▶ Your goal
Starting at the line that contains "Azure Blue With Gray Polka Dots Background" and stopping at the line that contains "Harry Shipp (19)", transcribe every line of the material below exactly; pictures stay out.

▶ Data shown
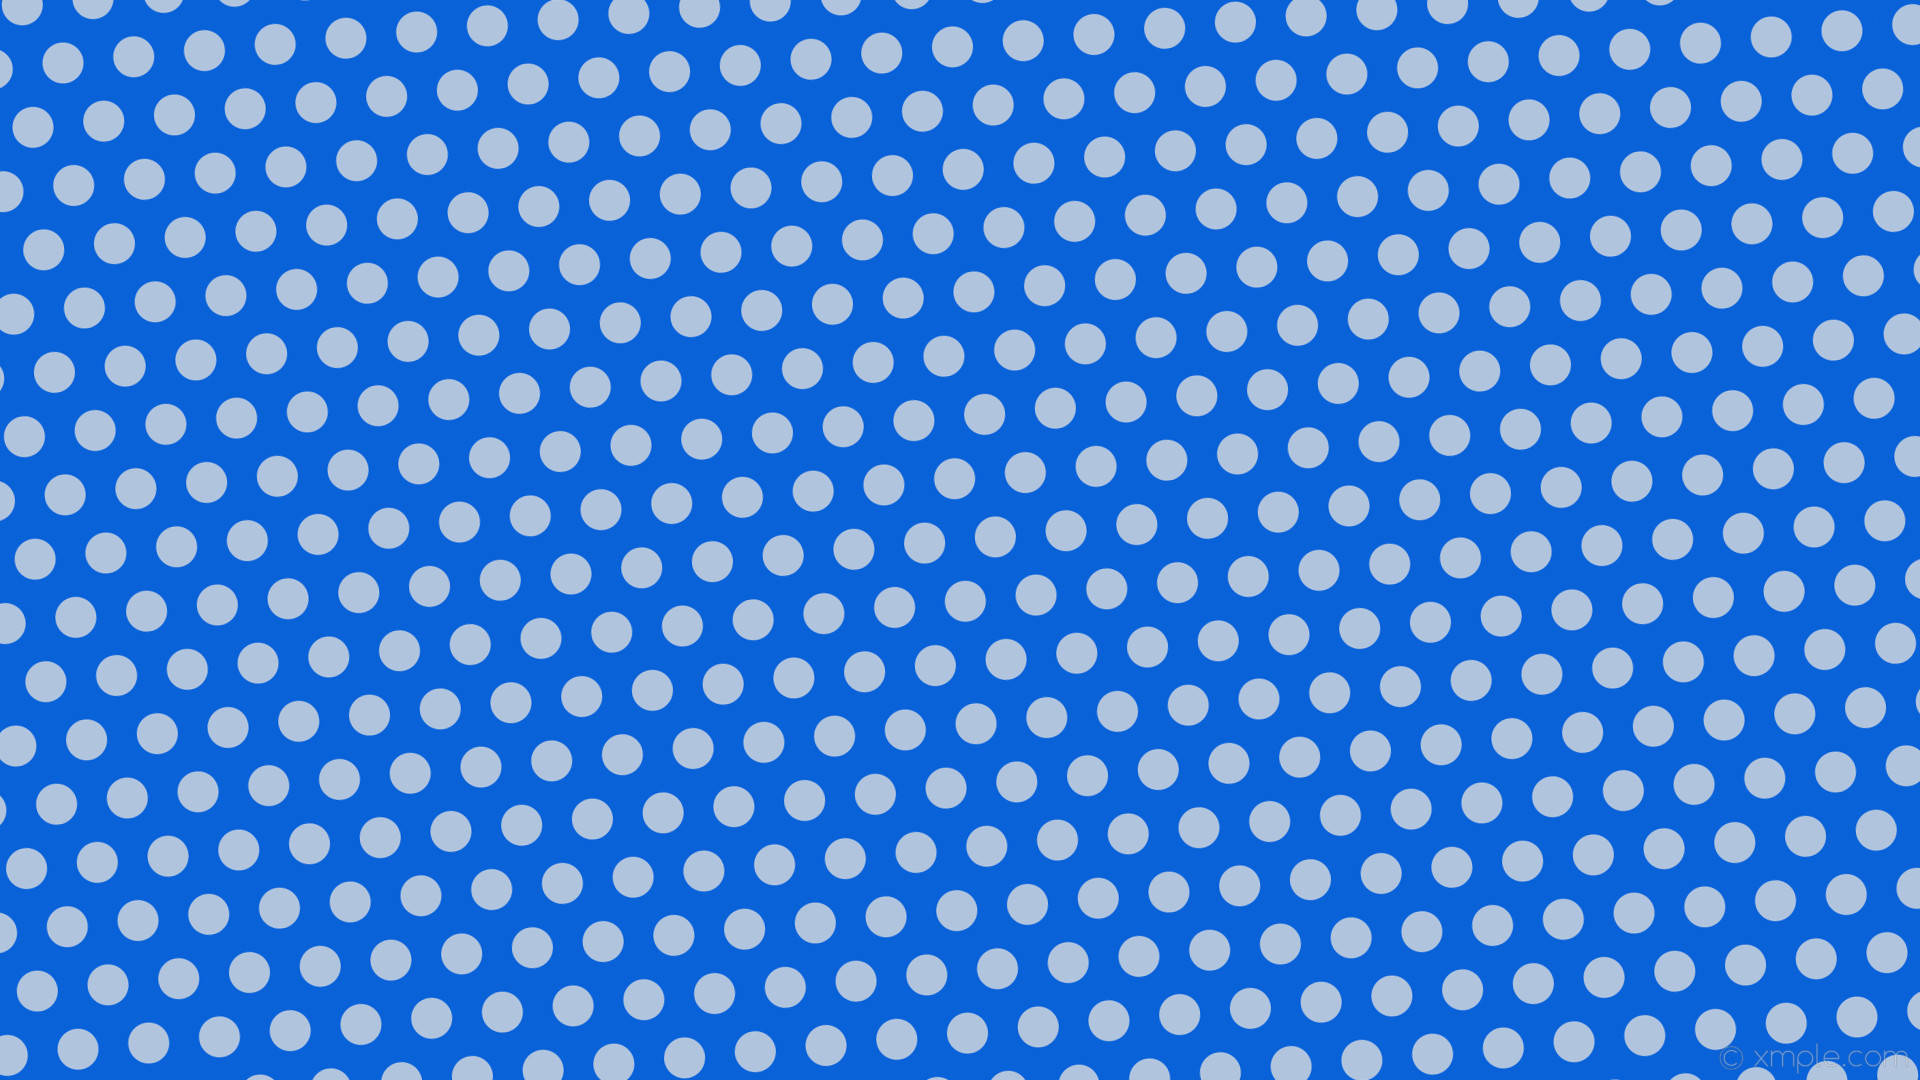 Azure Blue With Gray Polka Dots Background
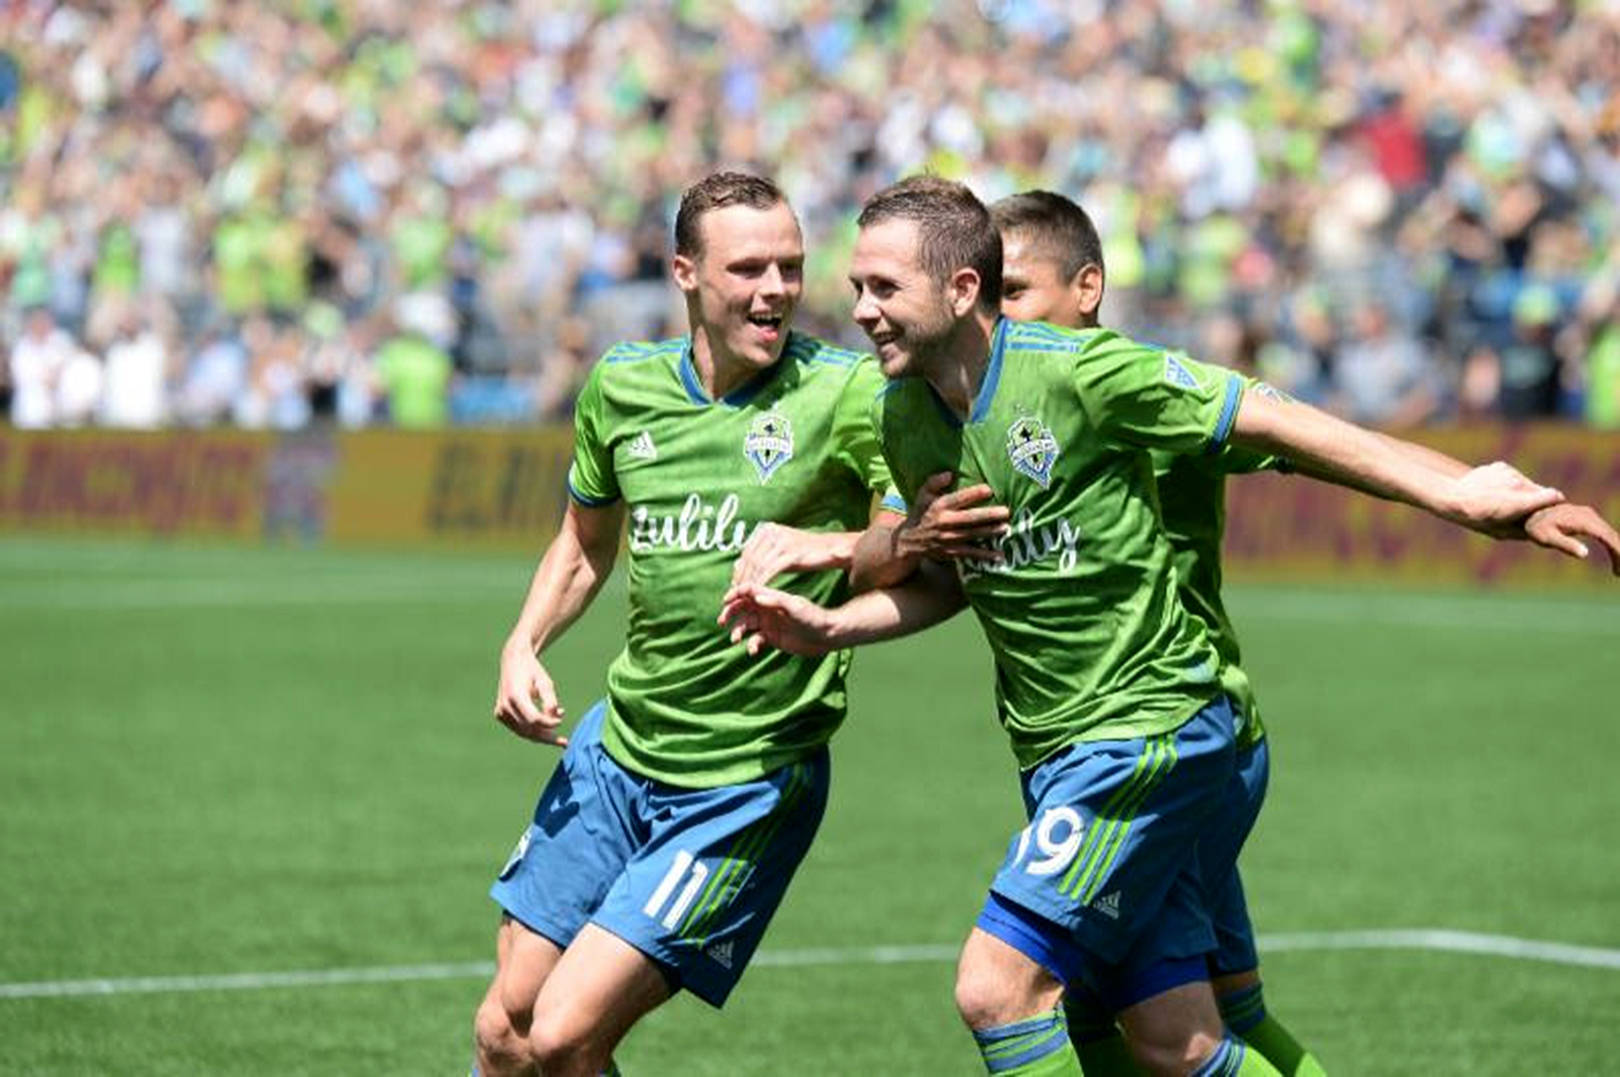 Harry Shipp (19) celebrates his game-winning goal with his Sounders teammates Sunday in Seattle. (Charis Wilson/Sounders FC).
==
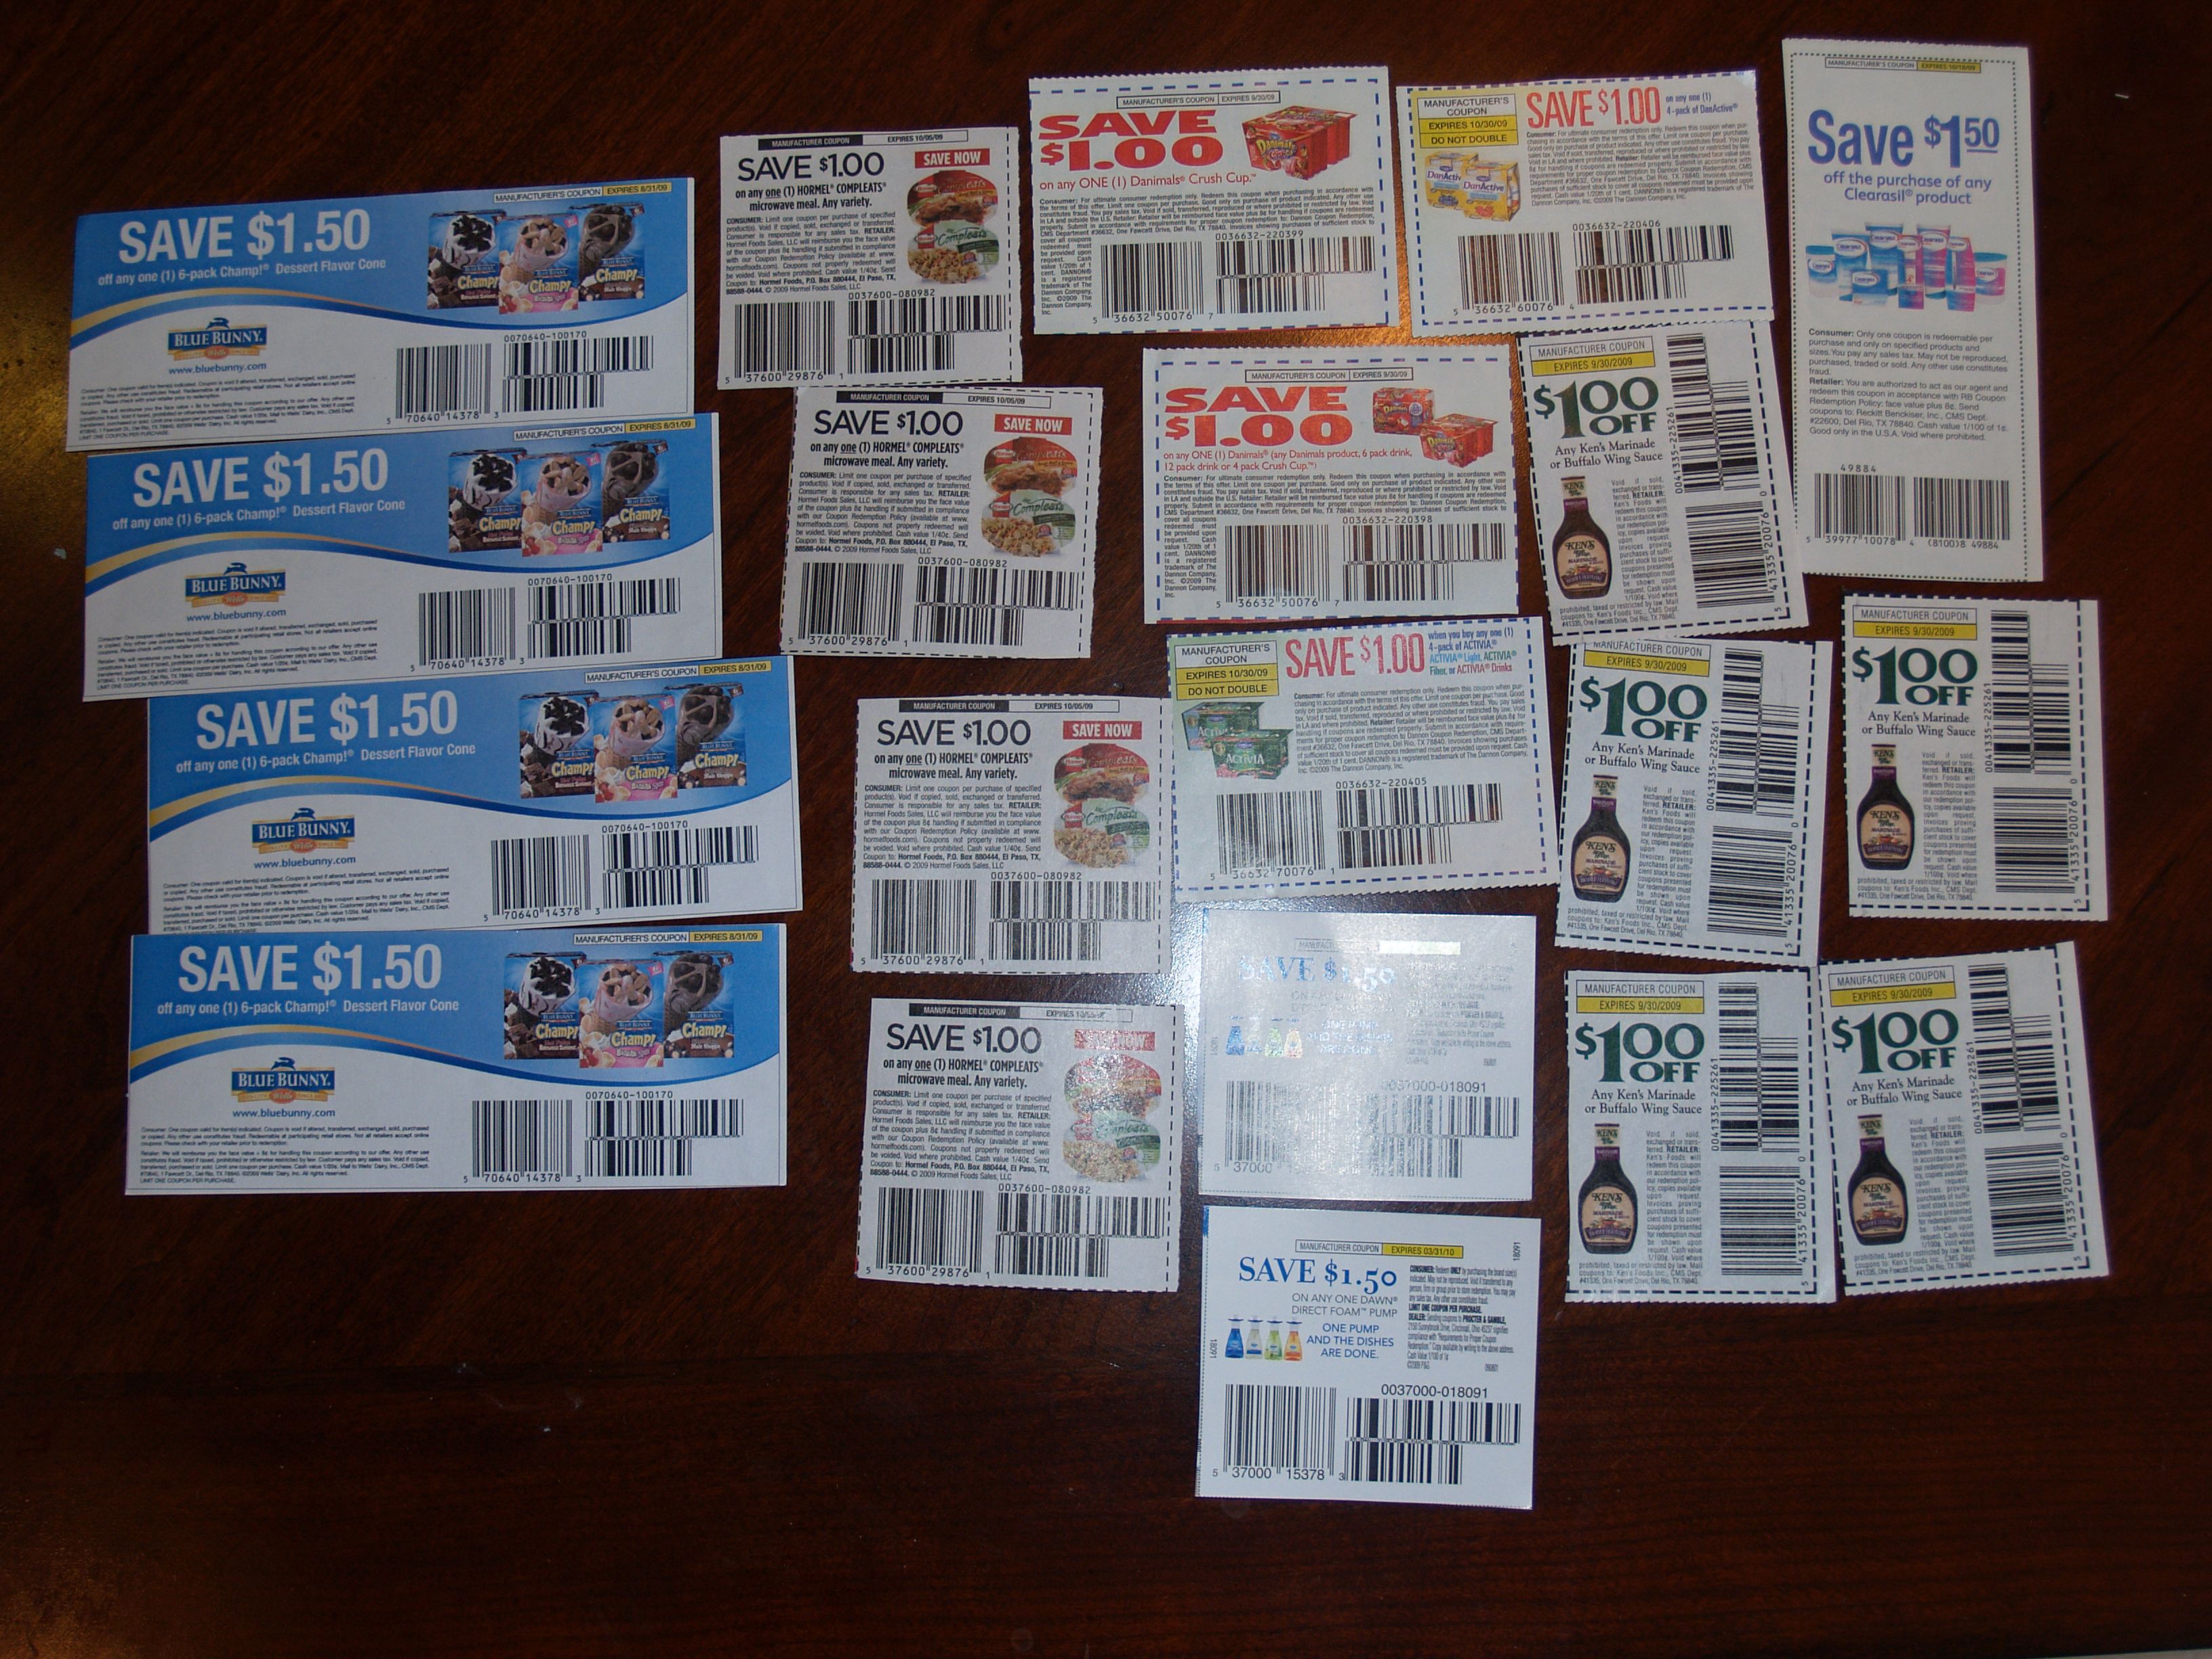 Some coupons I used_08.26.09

▶ Expected answer
 Azure Blue With Gray Polka Dots Background
 Harry Shipp (19) celebrates his game-winning goal with his Sounders teammates Sunday in Seattle. (Charis Wilson/Sounders FC).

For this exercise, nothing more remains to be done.